> **Source data**:
----

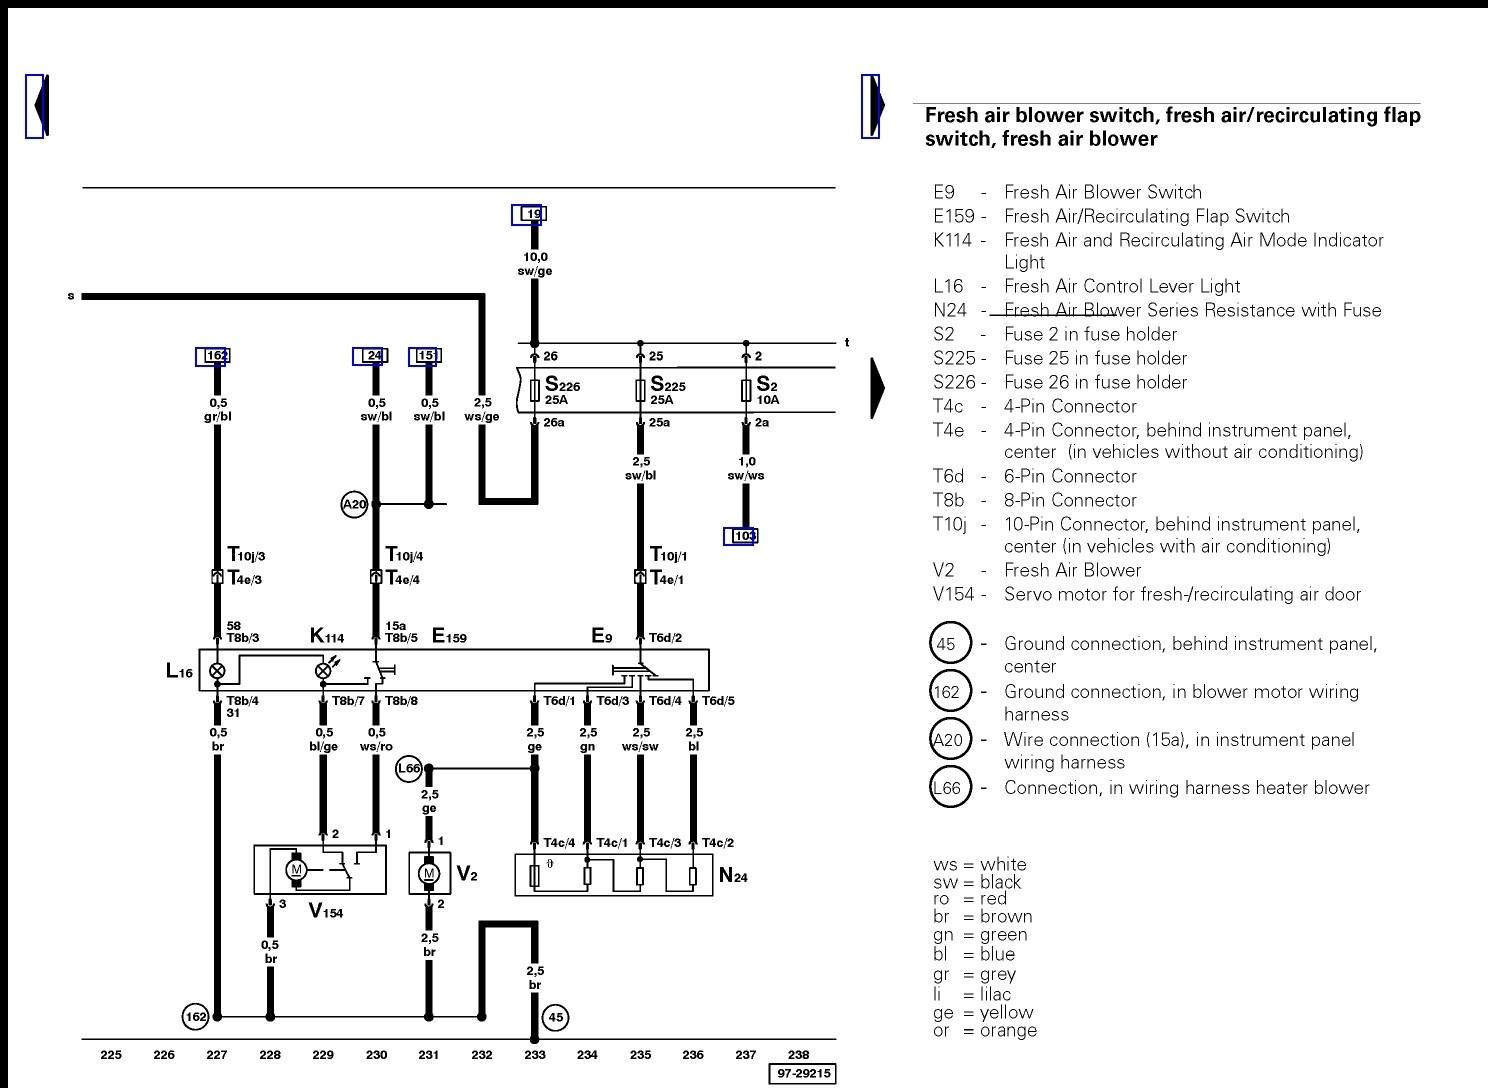 EO_5114] 2000 Vw Jetta Automatic Transmission Wiring Diagram Free Picture  Download Diagram | Wiring Diagram For 2000 Volkswagen Jetta |  | Birdem Aidew Illuminateatx Librar Wiring 101
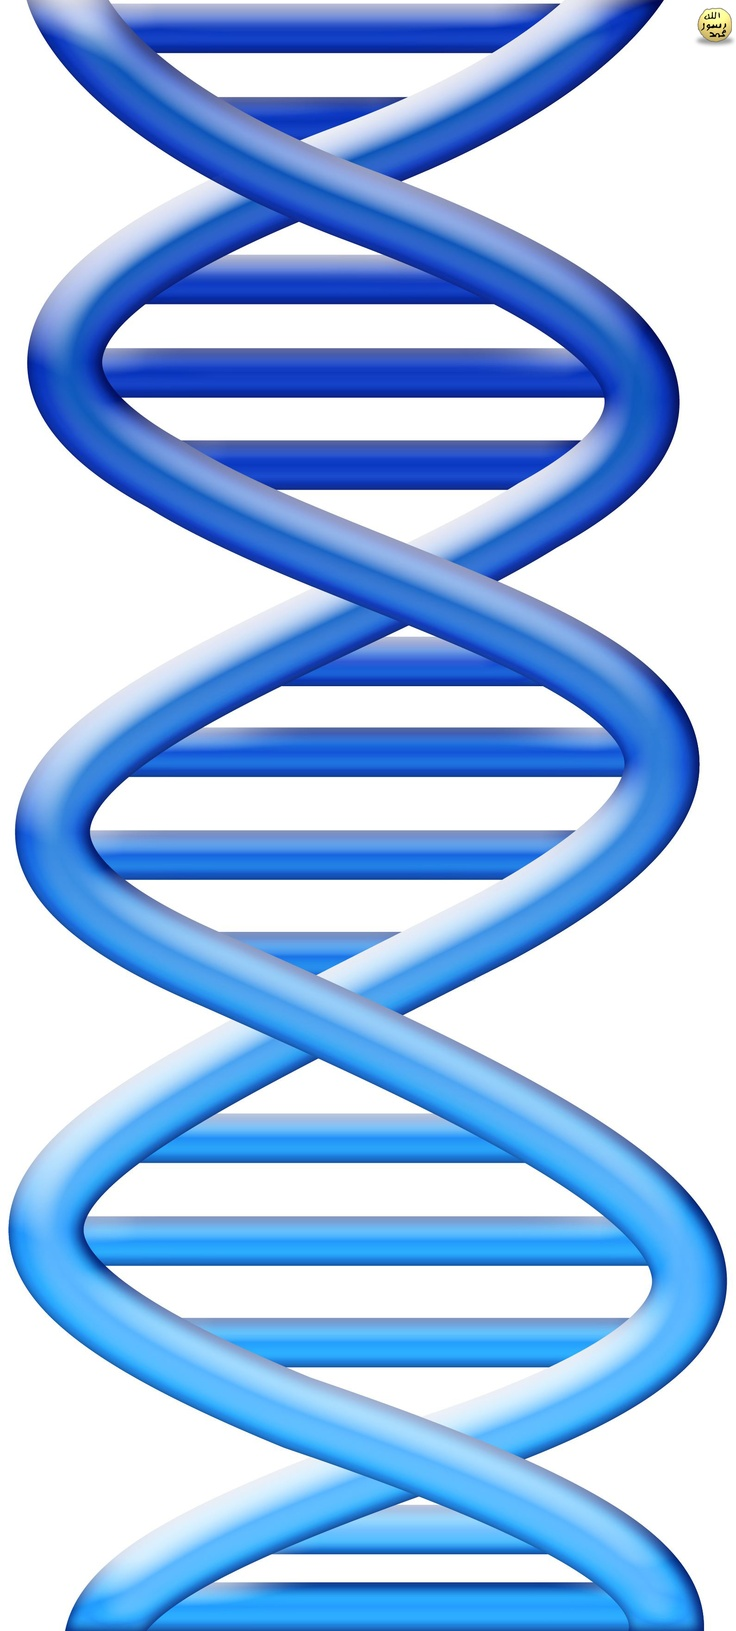 Allah'ın DNA'da sakladığı bilgiler sayesinde kemiklerin arasında sürtünmeyi engelleyen kıkırdaklar, şekil, yapı ve konumları açısından çok özel dokulardır. Örneğin dizlerdeki kıkırdaklar tampon görevi görerek, onlarca kilo ağırlığındaki vücut ağırlığının hissetmeden taşınmasını sağlarlar. Bunların ayrıntılı planı da DNA'da kayıtlı bilgilerdir.
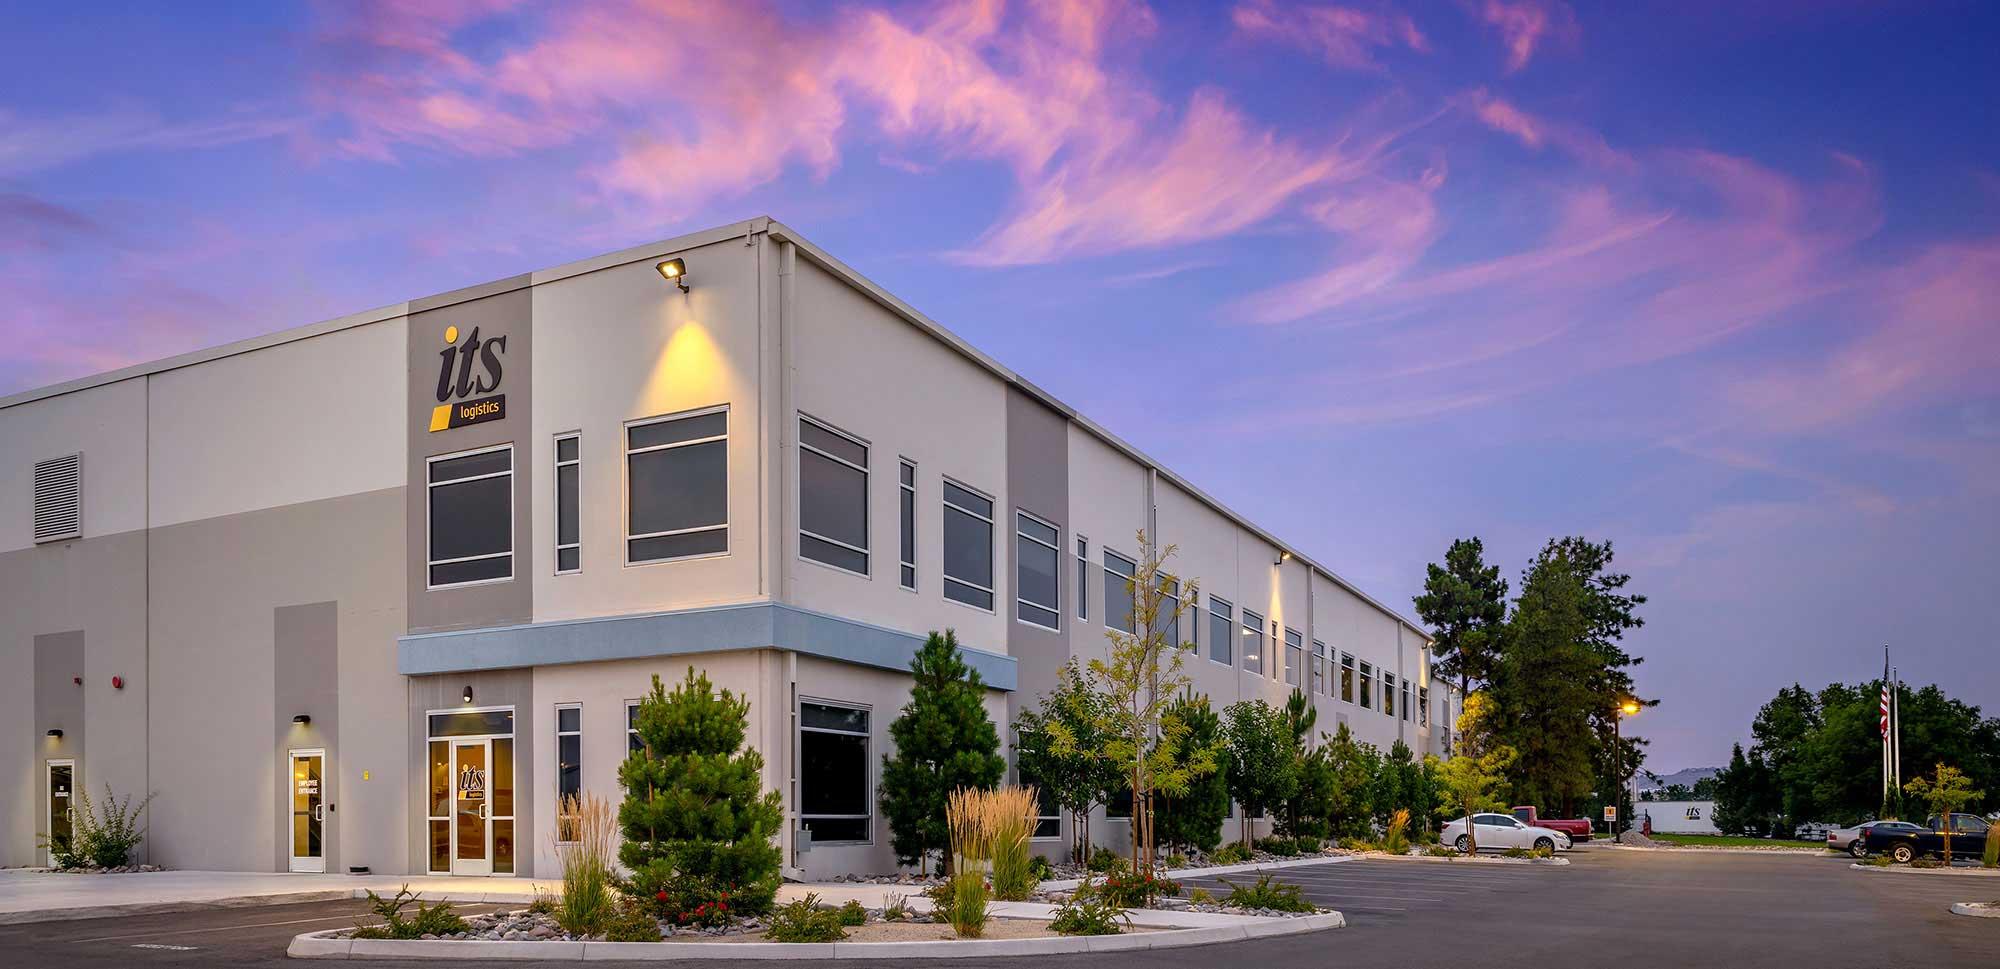 ITS Logistics headquarters

----

> **About this task**: Write out the whole listing exactly as it appears, and omit the pictures.

> **Written reply**:
 EO_5114] 2000 Vw Jetta Automatic Transmission Wiring Diagram Free Picture  Download Diagram | Wiring Diagram For 2000 Volkswagen Jetta |  | Birdem Aidew Illuminateatx Librar Wiring 101
 Allah'ın DNA'da sakladığı bilgiler sayesinde kemiklerin arasında sürtünmeyi engelleyen kıkırdaklar, şekil, yapı ve konumları açısından çok özel dokulardır. Örneğin dizlerdeki kıkırdaklar tampon görevi görerek, onlarca kilo ağırlığındaki vücut ağırlığının hissetmeden taşınmasını sağlarlar. Bunların ayrıntılı planı da DNA'da kayıtlı bilgilerdir.
 ITS Logistics headquarters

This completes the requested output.